How to scale up

As any software service grows it often needs to scale up and scale out.

  1. Scaling up is running on larger server with more cores.
  2. Scaling out is running a program across more servers.

Some software makes the conscious decision to not scale up and only scale out. A great example of this is Redis which made the conscious decision to be single threaded so it does not need to worry about locking or race conditions.
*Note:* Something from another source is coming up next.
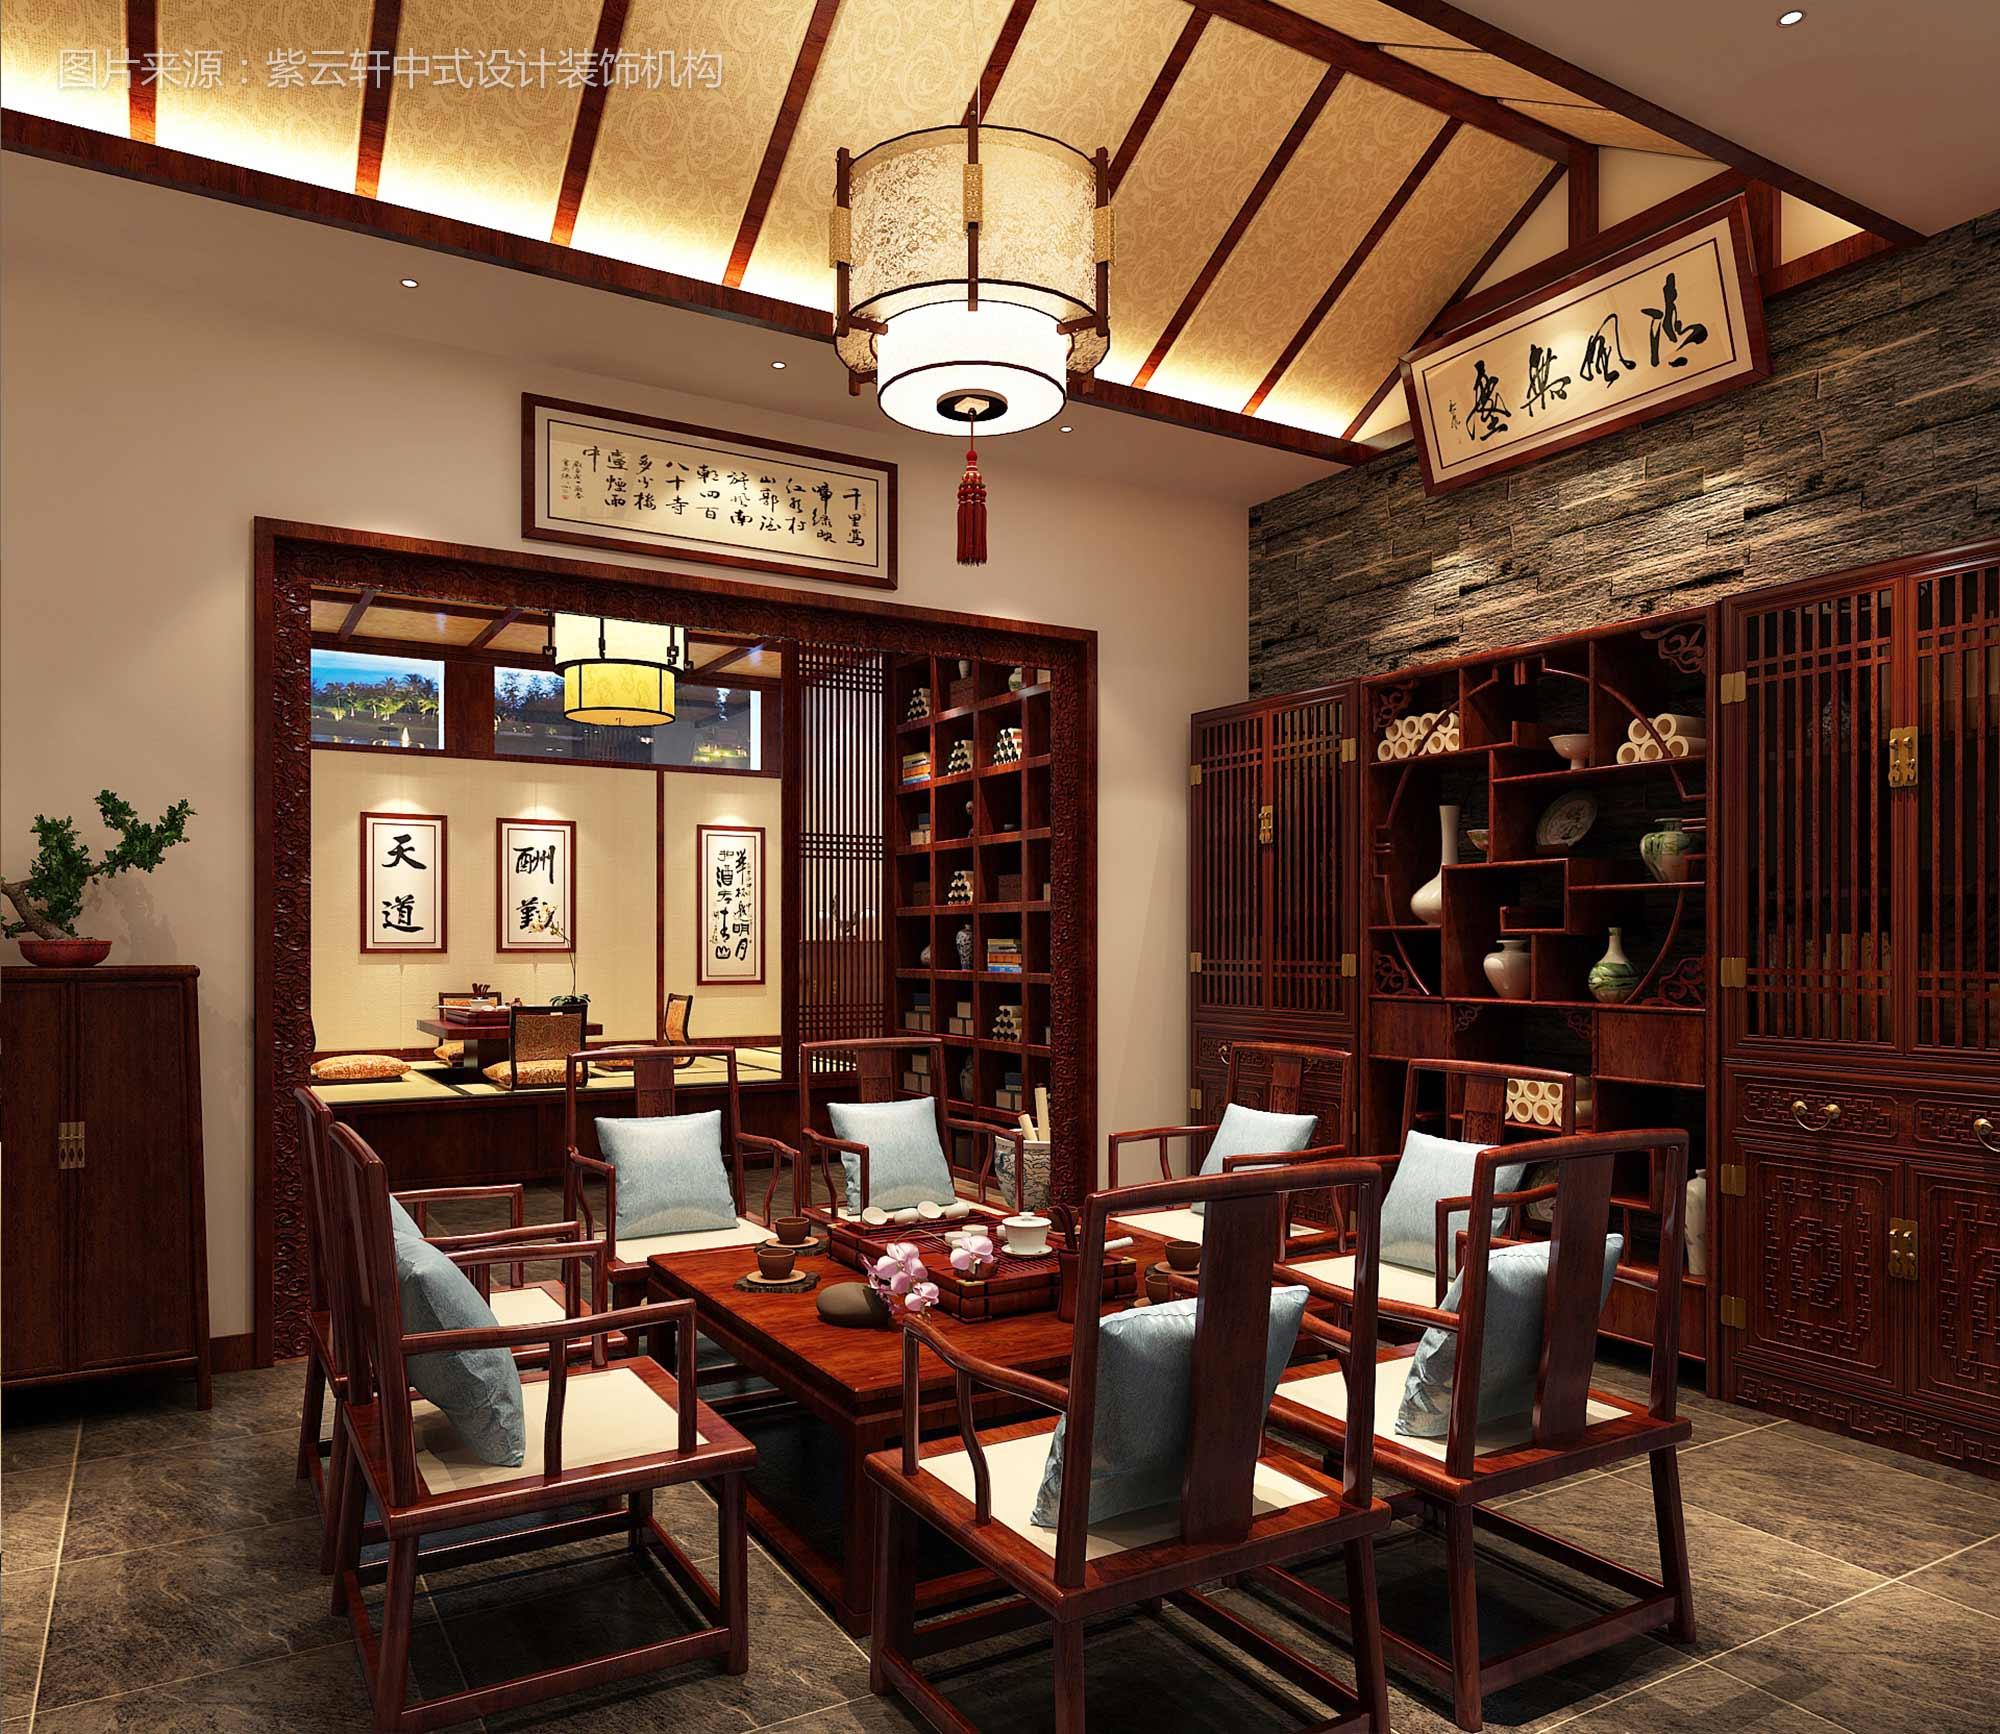 茶室和餐厅的中式装修风格
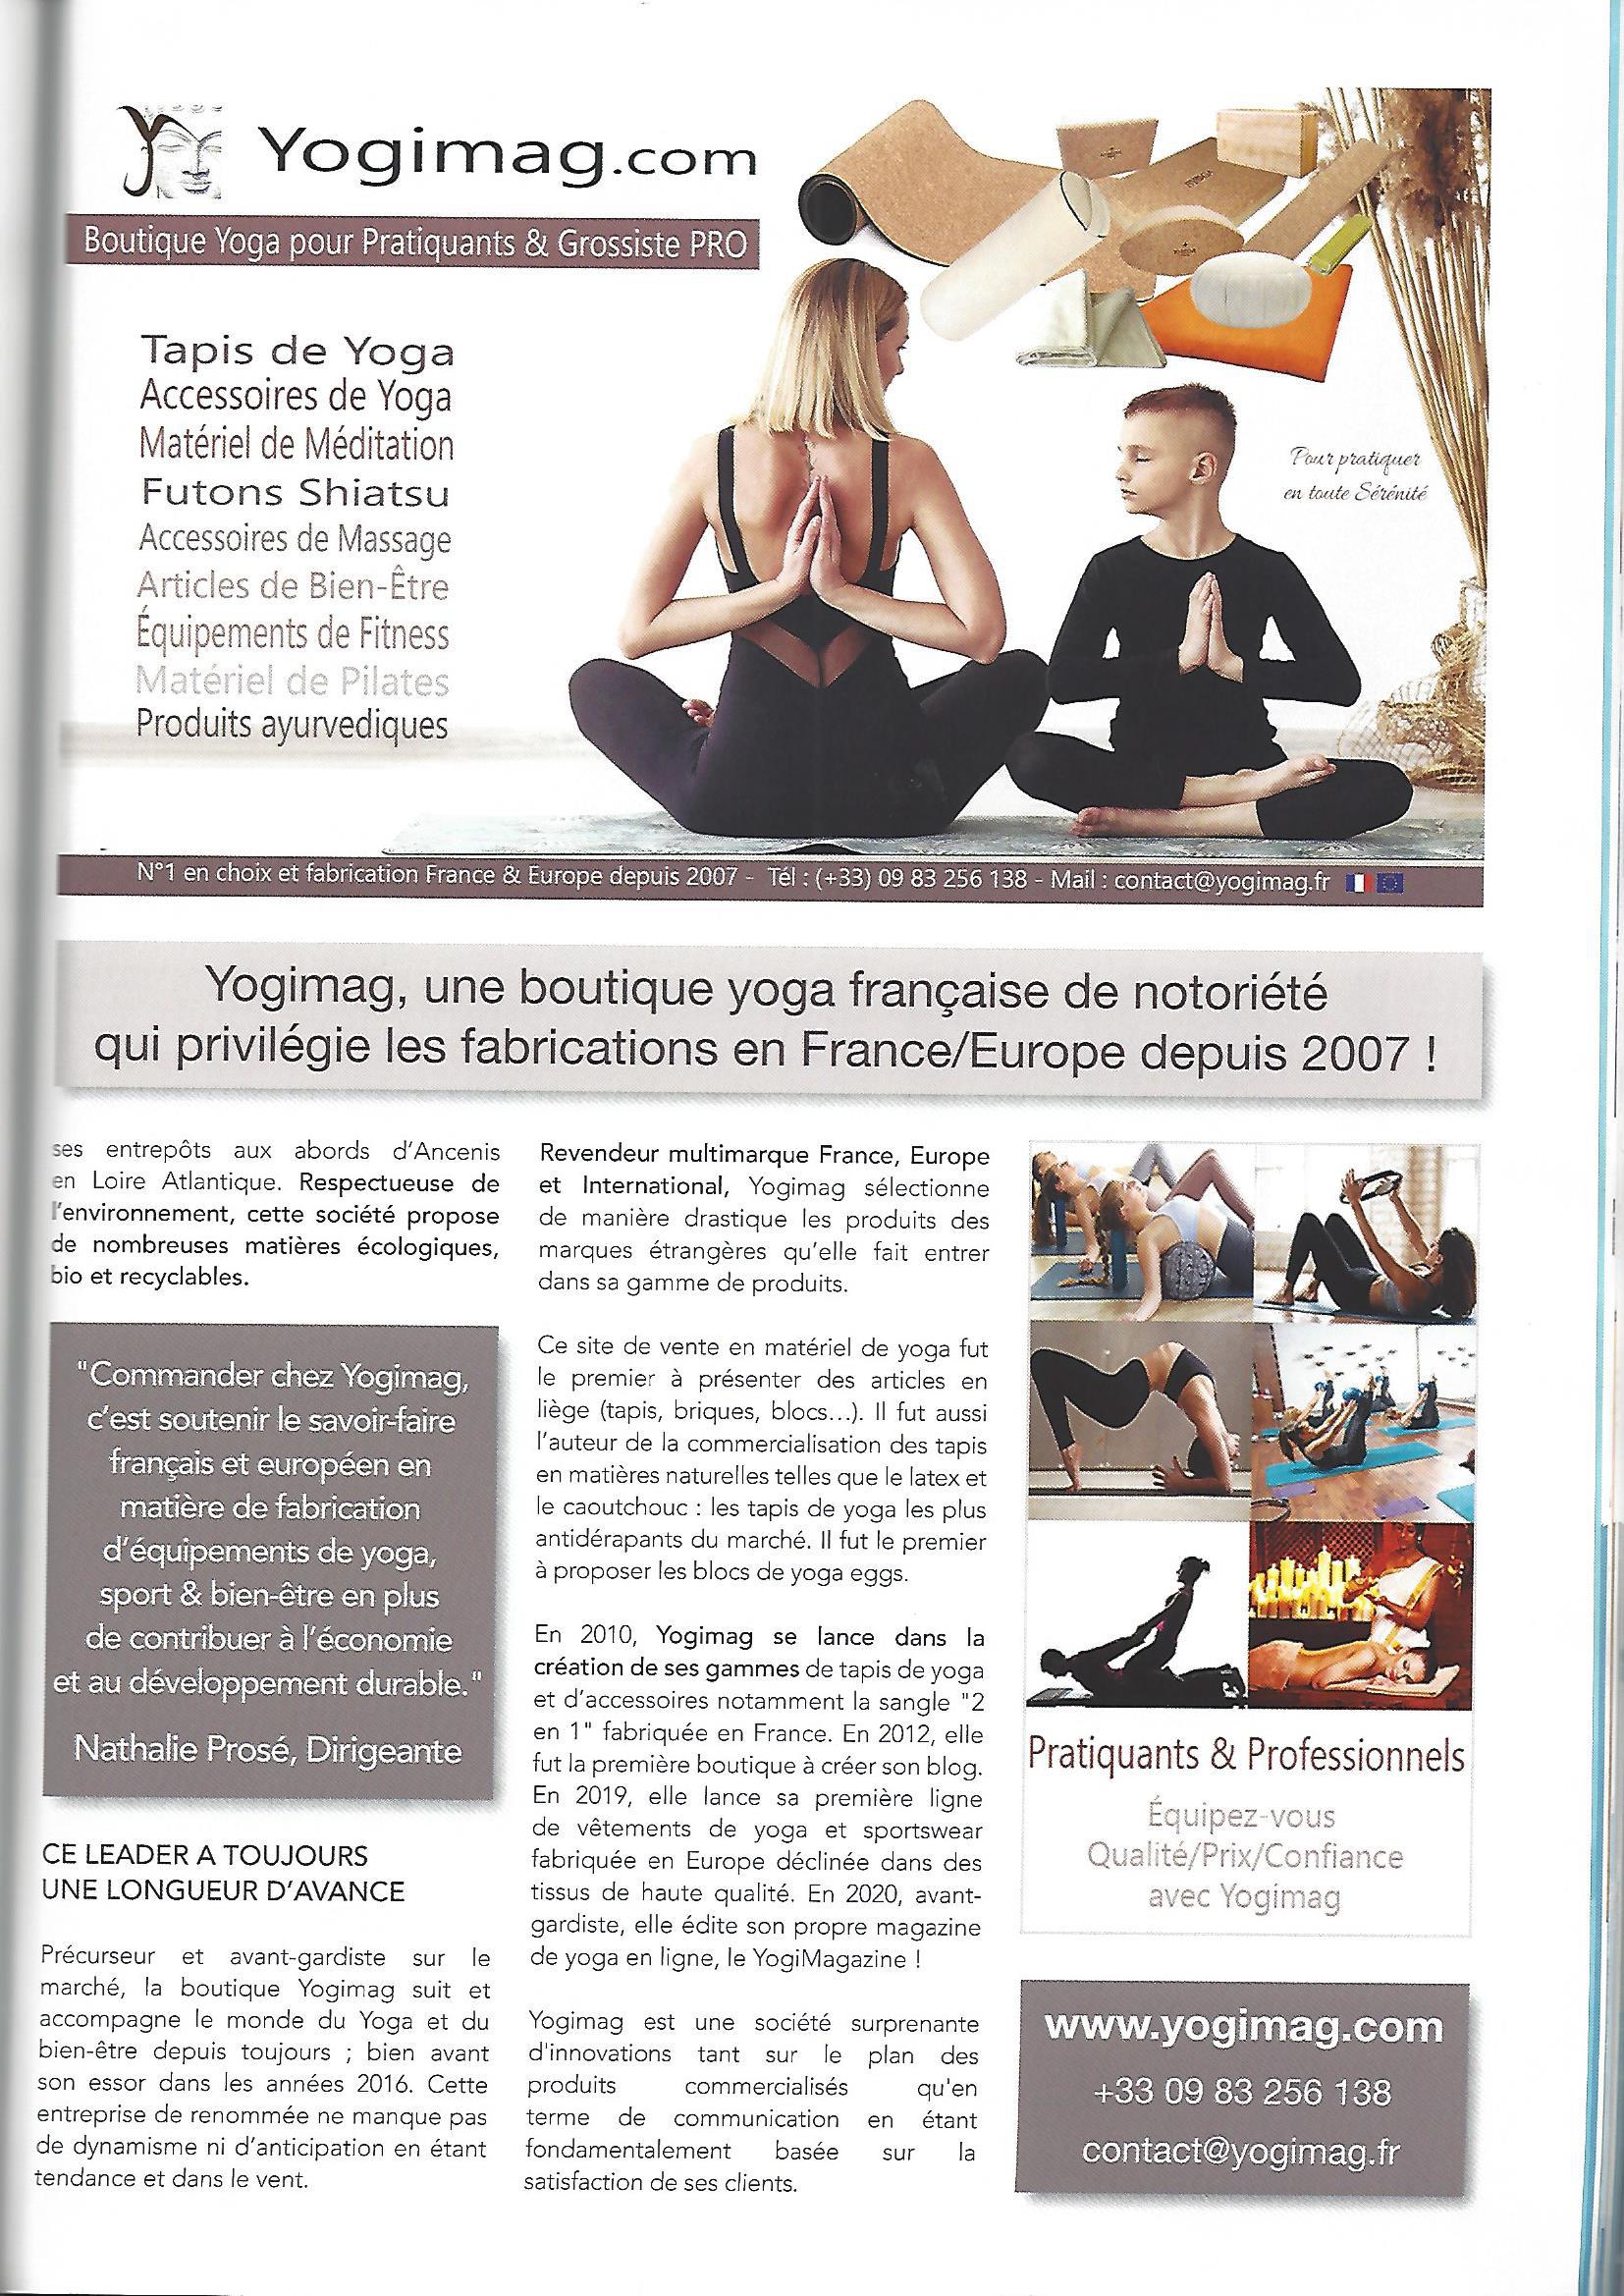 La boutique yoga Yogimag dans Médical Magazine

Other programs are built with scale up in mind. A common architecture for this is the Share Nothing Architecture. Scylladb is a good example of this because it shards data across each physical core so you never have two different threads accessing the same data.

Most software lands somewhere in the middle and struggles scaling up. To evaluate why your program’s performance is not scaling linearly as you add more cores you should look at the following:

  1. perf c2c finds shared memory which can become contested if multiple cores and threads are trying to read it simultaneously. This requires metal vm’s in AWS. For x86 it uses offcore PMU registers. For ARM it needs a newer linux perf binary (which can be built from source) so it can use SPE (Statistical Profiling Extension) which cannot give offcore information like HITM or remote DRAM % but can calculate latency of memory accesses which directly correlates to highly contended memory.
  2. offcputime finds locks which can cause threads to idle as they wait for the lock to be released. It uses eBPF so it only works on kernels compiled with eBPF enabled.